Adaptive Man-Machine Interfaces

MIT9904-15

Progress Report: January 1, 2002—June 30, 2002

Tomaso Poggio

Project Overview

In this project we aim to achieve two significant extensions of our recent work on developing a text-to-visual-speech (TTVS) system (Ezzat, Geiger, Poggio 2002). The existing synthesis module may be trained to generate image sequences of a real human face synchronized to a text-to-speech system, starting from just a few real images of the person to be simulated. We propose to 1) extend our morphing approach from video to audio to address issues of audio synthesis, and 2) to extend the system to use morphing of 3D models of faces -- rather than face images -- to output a 3D model of a speaking face.

The main applications of this work are for virtual actors, video dubbing, and very-low-bandwidth video communication. In addition, the project may contribute to the development of a new generation of computer interfaces more user-friendly than today's interfaces.

An overview of our system is shown below:

CREATOR: XV Version 3.10a Rev: 12/29/94 (PNG patch 1.2) Quality = 75, Smoothing = 0

Figure 1: Top row: an original background sequence. Middle row: the synthetic mouth animations

our system generates. Bottom row: the synthetic facial animations composited into the original

background sequence.

Progress Through June 2002

In the last six months we have completed our primary goal – a system for trainable videorealistic animation from images. We have recently reported on this work in Ezzat, Geiger, Poggio 2002.

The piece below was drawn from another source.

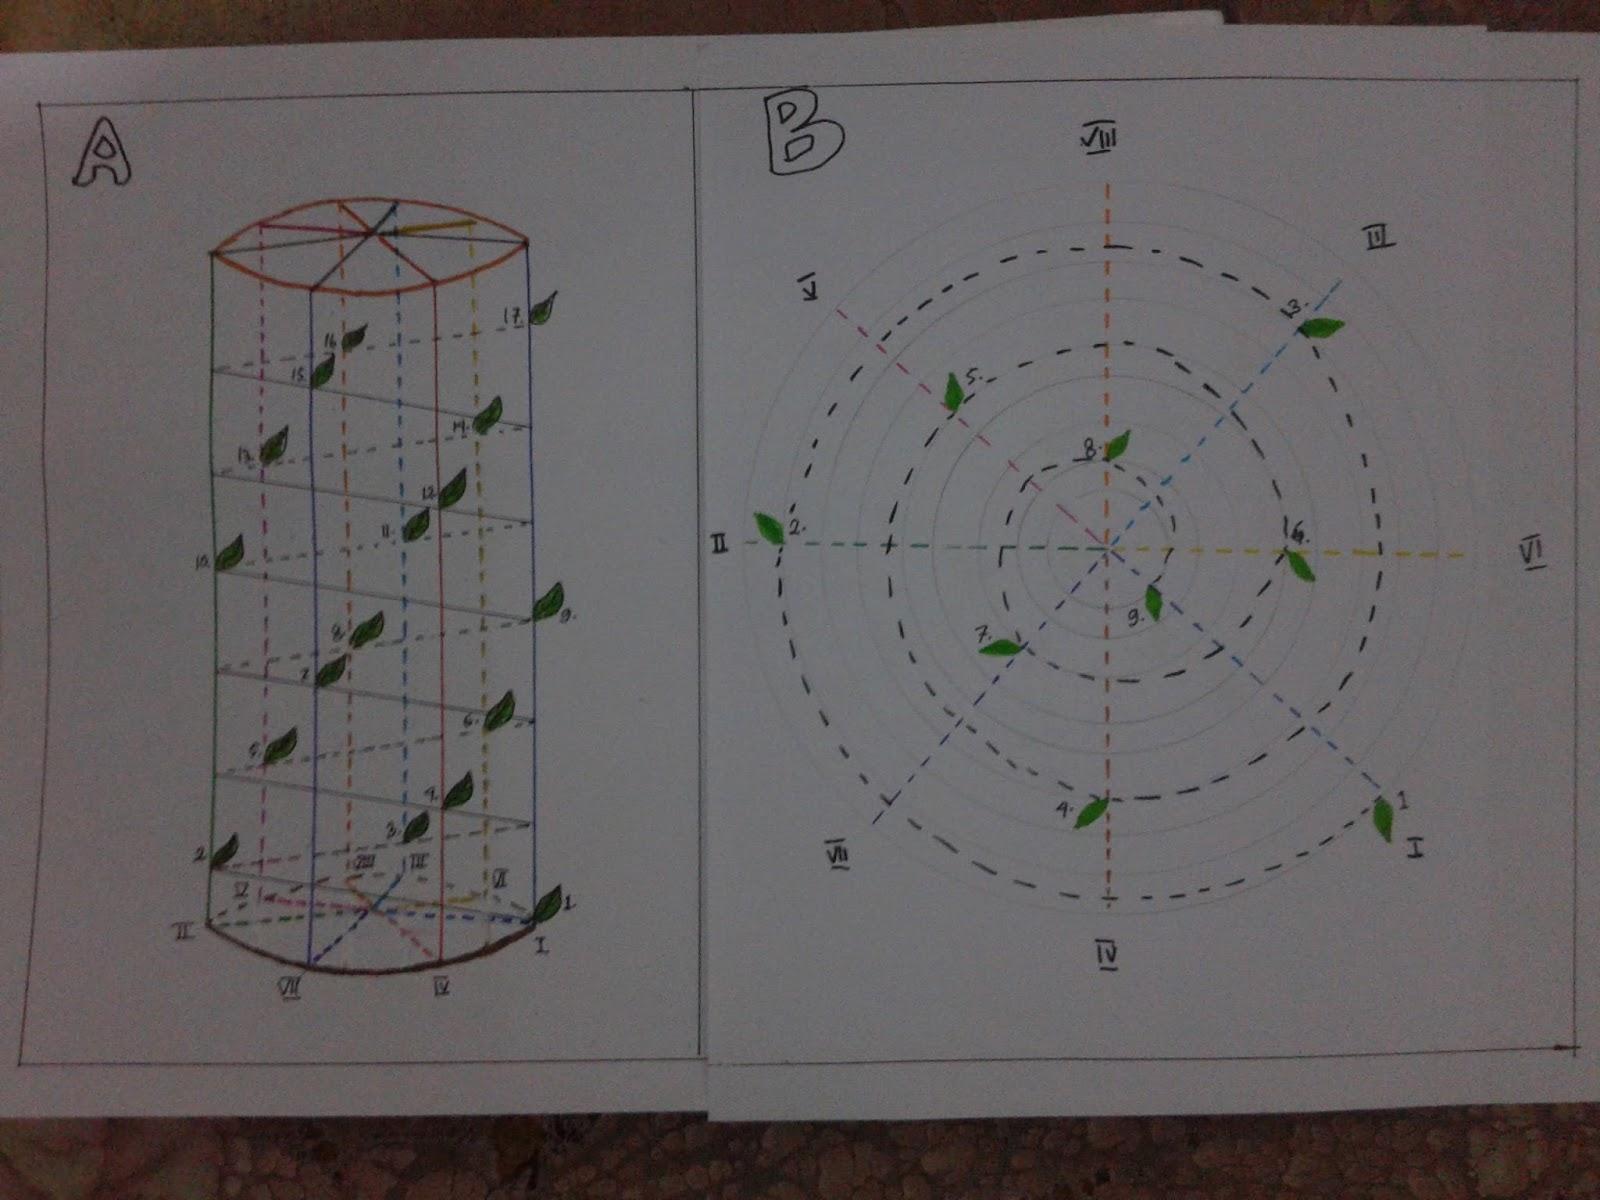 Biologi bagan dan diagram daun menurut rumus 38 saya akan menjelaskan tentang bagan duduk daun dan diagram duduk daun menurut rumus 38 saya tidak menjelaskan materi tetapi langsung kecontoh saja agar ccuart Gallery

In that work, we described how to create with learning techniques a generative, videorealistic, facial animation module. A human subject is first recorded using a digital videocamera as he/she utters a pre-determined speech corpus. After processing the corpus automatically, a visual speech module is learned from the data that is capable of synthesizing a visual stream of the human subject uttering entirely novel utterances that were not recorded in the original video. The output is videorealistic in the sense that it looks like a video camera recording of the subject. At run time, the input to the system can be either real audio sequences or synthetic audio produced by a text-to-speech system, as long as they have been phonetically aligned.

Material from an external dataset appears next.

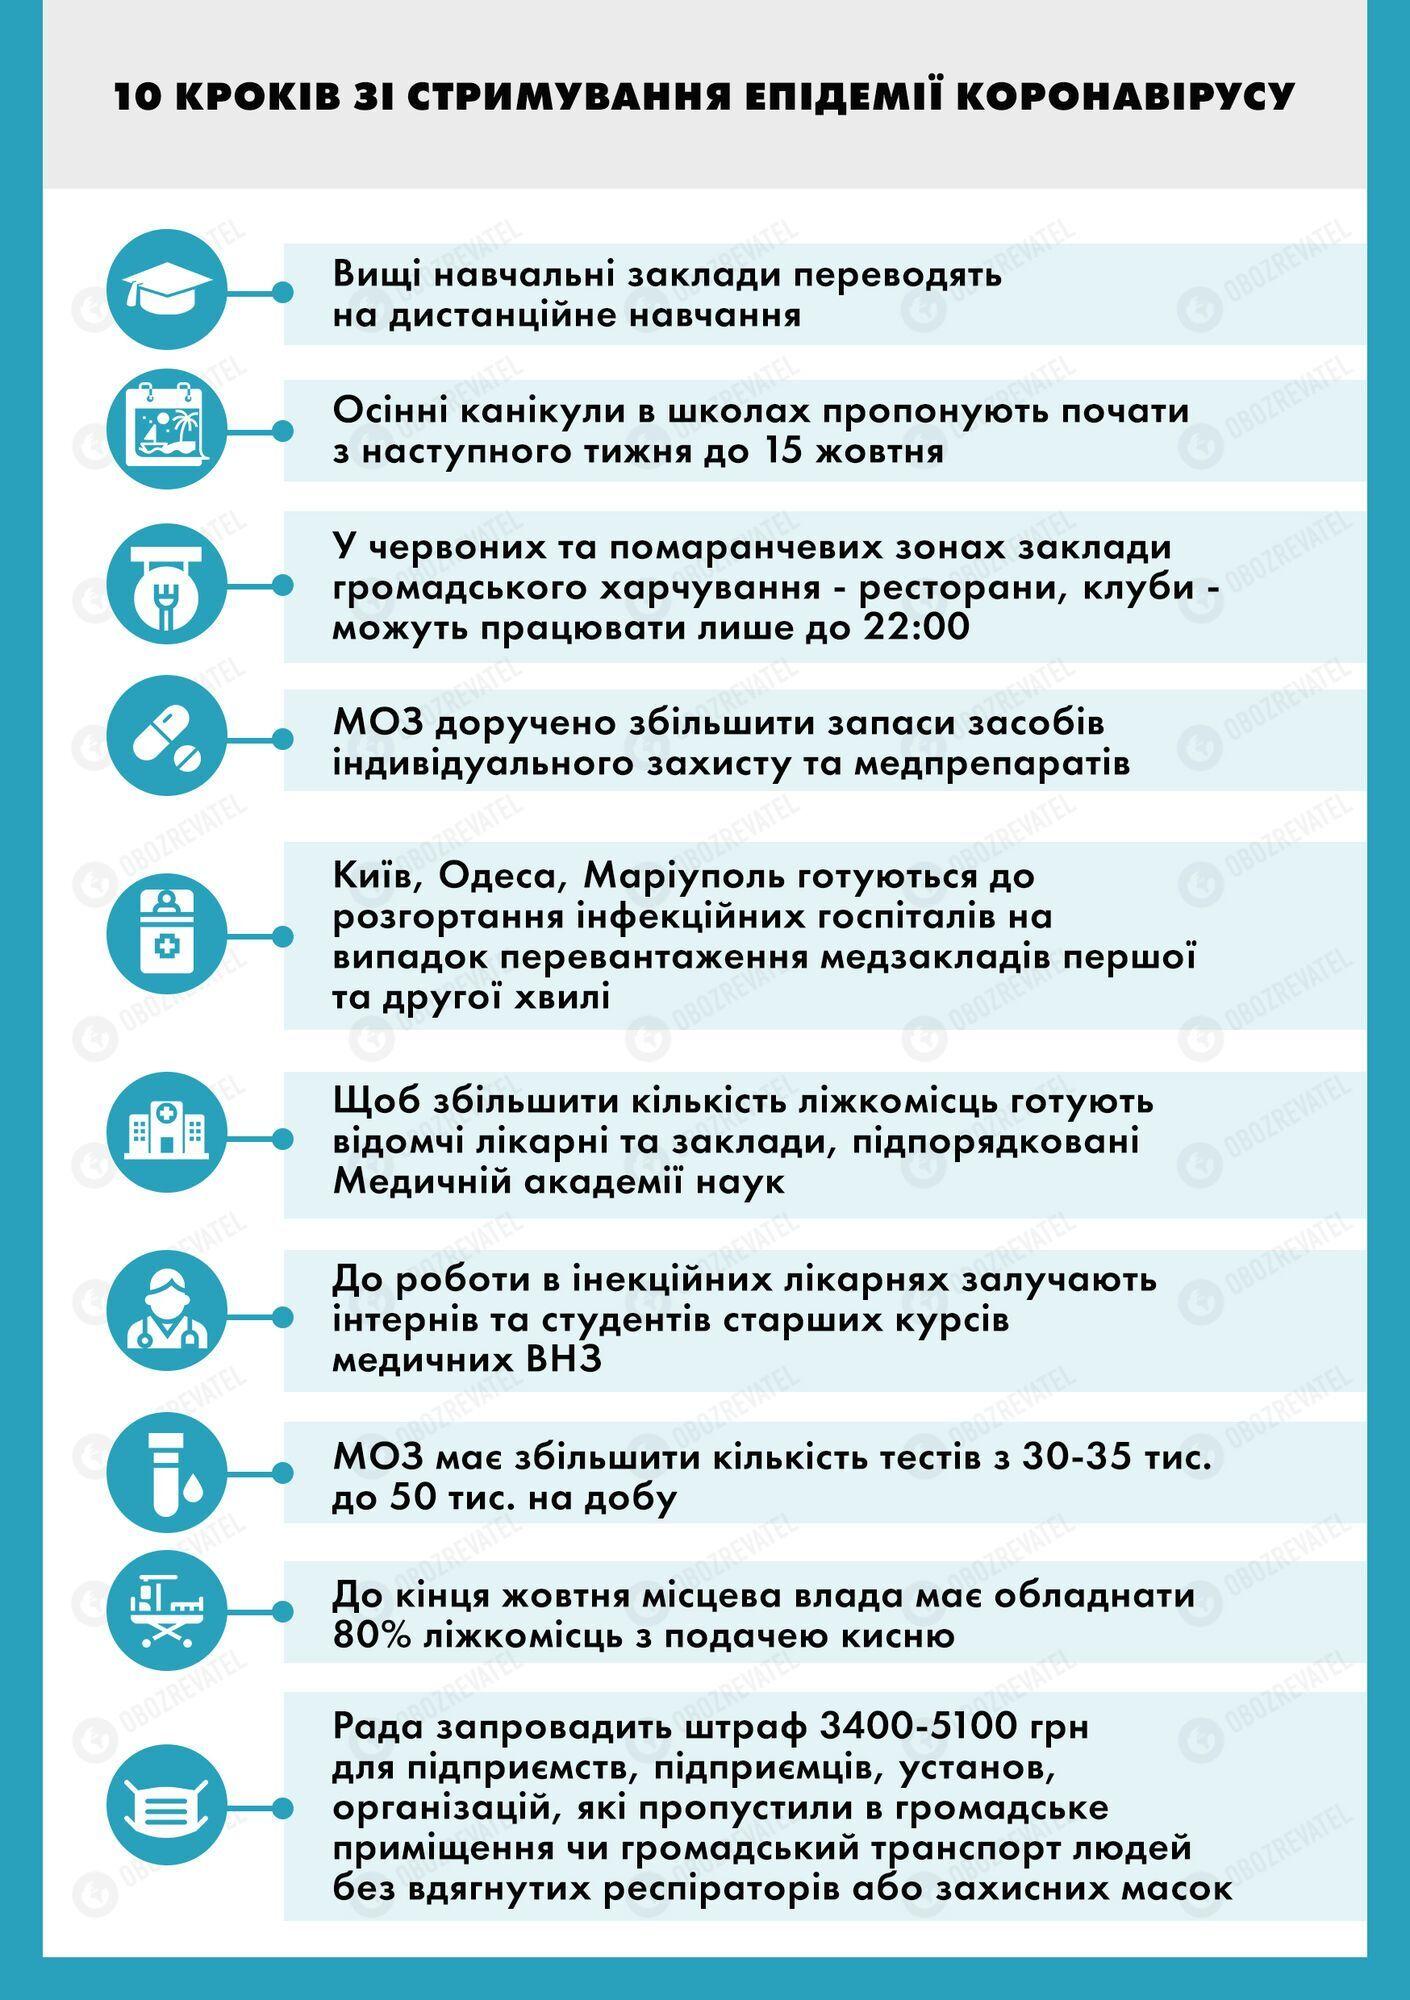 Карантин в Украине ужесточат: что решили на совещании у Зеленского

The two key contributions of this work were 1) an extension of the multidimensional morphable model (MMM) to synthesize new, previously unseen mouth configurations from a small set of mouth image prototypes; and 2) a trajectory synthesis technique based on regularization, which is automatically trained from the recorded video corpus, and which is capable of synthesizing trajectories in MMM space corresponding to any desired utterance.

Shown below are some of the synthetic facial configurations output by our system, along with their real

counterparts for comparison:

Real Synthetic Real Synthetic

Figure 2 : Some of the synthetic facial configurations output

by our system, along with their real counterparts for comparison.

We also performed psychophysical tests to evaluate our synthetic animations. In particular, we performed

two sets of “Turing tests” designed to test whether 22 naïve subjects could identify the synthetic animations from the real ones. In one experiment (“single presentation”), subjects were shown one animation, and asked to identify whether it was real or not. In the second experiment, subjects were shown two utterances, one real and one synthetic (but in randomized order), and asked to identify which one was real and which was synthetic. In both cases, performance was close to chance level (50%), and not significantly different from it.

Figure 3: Results from the visual “Turing tests”

Research Plan for the Next Six Months

We plan in the next six months to:

1) Begin extending our morphing approach from video to audio to address issues of audio synthesis,

2) Begin extending the system described above by acquiring 3D models of faces -- rather than face images – in order to build a 3D morphable model capable of outputting 3D model of a speaking face.

3) Assess the intelligibility of the talking face by performing psychophysical tests similar to the visual “Turing test” ones.

References:

[1] Beymer, D. and Poggio, T. Image Representation for Visual Learning. Science, 272, 1905-1909, 1996

[2] Blanz, V., Vetter, T. A Morphable Model for the Synthesis of 3D Faces. In: Computer Graphics Proceedings SIGGRAPH'99, pp. 187--194, Los Angeles, 1999

[3] Ezzat, T. and T. Poggio. Visual Speech Synthesis by Morphing Visemes, International Journal of Computer Vision, 38, 1, 45-57, 2000.

[4] Ezzat, T. and T. Poggio. MikeTalk: A Talking Facial Display Based on Morphing Visemes. In: Proceedings of the Computer Animation Conference, Philadelphia, PA, 96-102, June 1998.

[5] Ezzat, T., Geiger G, and T. Poggio. Trainable Videorealistic Facial Animation. In Proceedings of SIGGRAPH 2002

[6] Jones, M. and Poggio, T. Multidimensional Morphable Models: A Framework for Representing and Matching Object Classes. Proceedings of the Sixth International Conference on Computer Vision, Bombay, India, 683 – 688, January 4-7, 1988

[7] Vetter, T. and Blanz, V. Estimating coloured 3d face models from single images: An example based approach. In Burkhardt and Neumann, editors, Computer Vision -- ECCV'98 Vol. II, Freiburg, Germany, 1998. Springer, Lecture Notes in Computer

Science 1407.